**EXERCISE DESCRIPTION**
Can you quote the lines below exactly, starting at the line with "Splashdown: Duck Tour" and going through the last one?

[Data excerpts]
★ ★ ★ ★
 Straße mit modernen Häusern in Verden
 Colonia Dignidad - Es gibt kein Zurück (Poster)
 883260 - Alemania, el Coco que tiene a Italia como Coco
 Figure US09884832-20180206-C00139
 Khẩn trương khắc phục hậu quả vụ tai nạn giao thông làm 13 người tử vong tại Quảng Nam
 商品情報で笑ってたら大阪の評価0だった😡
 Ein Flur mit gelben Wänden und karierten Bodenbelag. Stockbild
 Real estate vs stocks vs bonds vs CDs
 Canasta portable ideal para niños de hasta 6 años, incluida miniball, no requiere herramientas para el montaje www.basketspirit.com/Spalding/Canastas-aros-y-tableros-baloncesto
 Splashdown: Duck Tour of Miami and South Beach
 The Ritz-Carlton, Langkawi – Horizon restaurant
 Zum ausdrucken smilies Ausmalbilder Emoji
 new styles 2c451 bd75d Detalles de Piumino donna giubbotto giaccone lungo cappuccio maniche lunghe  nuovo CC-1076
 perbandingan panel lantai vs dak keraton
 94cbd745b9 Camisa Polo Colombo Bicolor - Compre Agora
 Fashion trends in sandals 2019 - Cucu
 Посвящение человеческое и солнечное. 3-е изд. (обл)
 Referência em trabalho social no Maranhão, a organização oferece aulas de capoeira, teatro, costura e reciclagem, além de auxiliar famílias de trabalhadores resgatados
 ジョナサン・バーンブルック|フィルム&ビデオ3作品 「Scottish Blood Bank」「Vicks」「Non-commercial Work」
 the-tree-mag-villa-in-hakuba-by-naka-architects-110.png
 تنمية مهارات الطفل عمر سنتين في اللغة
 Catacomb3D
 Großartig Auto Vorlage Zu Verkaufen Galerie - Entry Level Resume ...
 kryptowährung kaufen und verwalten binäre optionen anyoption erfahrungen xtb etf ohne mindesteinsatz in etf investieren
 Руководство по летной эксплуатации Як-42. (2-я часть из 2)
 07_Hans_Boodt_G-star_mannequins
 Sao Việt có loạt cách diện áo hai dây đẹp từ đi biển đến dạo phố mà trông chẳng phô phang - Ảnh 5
★ ★ ★ ★
**SOLUTION TO THIS PROBLEM**
 Splashdown: Duck Tour of Miami and South Beach
 The Ritz-Carlton, Langkawi – Horizon restaurant
 Zum ausdrucken smilies Ausmalbilder Emoji
 new styles 2c451 bd75d Detalles de Piumino donna giubbotto giaccone lungo cappuccio maniche lunghe  nuovo CC-1076
 perbandingan panel lantai vs dak keraton
 94cbd745b9 Camisa Polo Colombo Bicolor - Compre Agora
 Fashion trends in sandals 2019 - Cucu
 Посвящение человеческое и солнечное. 3-е изд. (обл)
 Referência em trabalho social no Maranhão, a organização oferece aulas de capoeira, teatro, costura e reciclagem, além de auxiliar famílias de trabalhadores resgatados
 ジョナサン・バーンブルック|フィルム&ビデオ3作品 「Scottish Blood Bank」「Vicks」「Non-commercial Work」
 the-tree-mag-villa-in-hakuba-by-naka-architects-110.png
 تنمية مهارات الطفل عمر سنتين في اللغة
 Catacomb3D
 Großartig Auto Vorlage Zu Verkaufen Galerie - Entry Level Resume ...
 kryptowährung kaufen und verwalten binäre optionen anyoption erfahrungen xtb etf ohne mindesteinsatz in etf investieren
 Руководство по летной эксплуатации Як-42. (2-я часть из 2)
 07_Hans_Boodt_G-star_mannequins
 Sao Việt có loạt cách diện áo hai dây đẹp từ đi biển đến dạo phố mà trông chẳng phô phang - Ảnh 5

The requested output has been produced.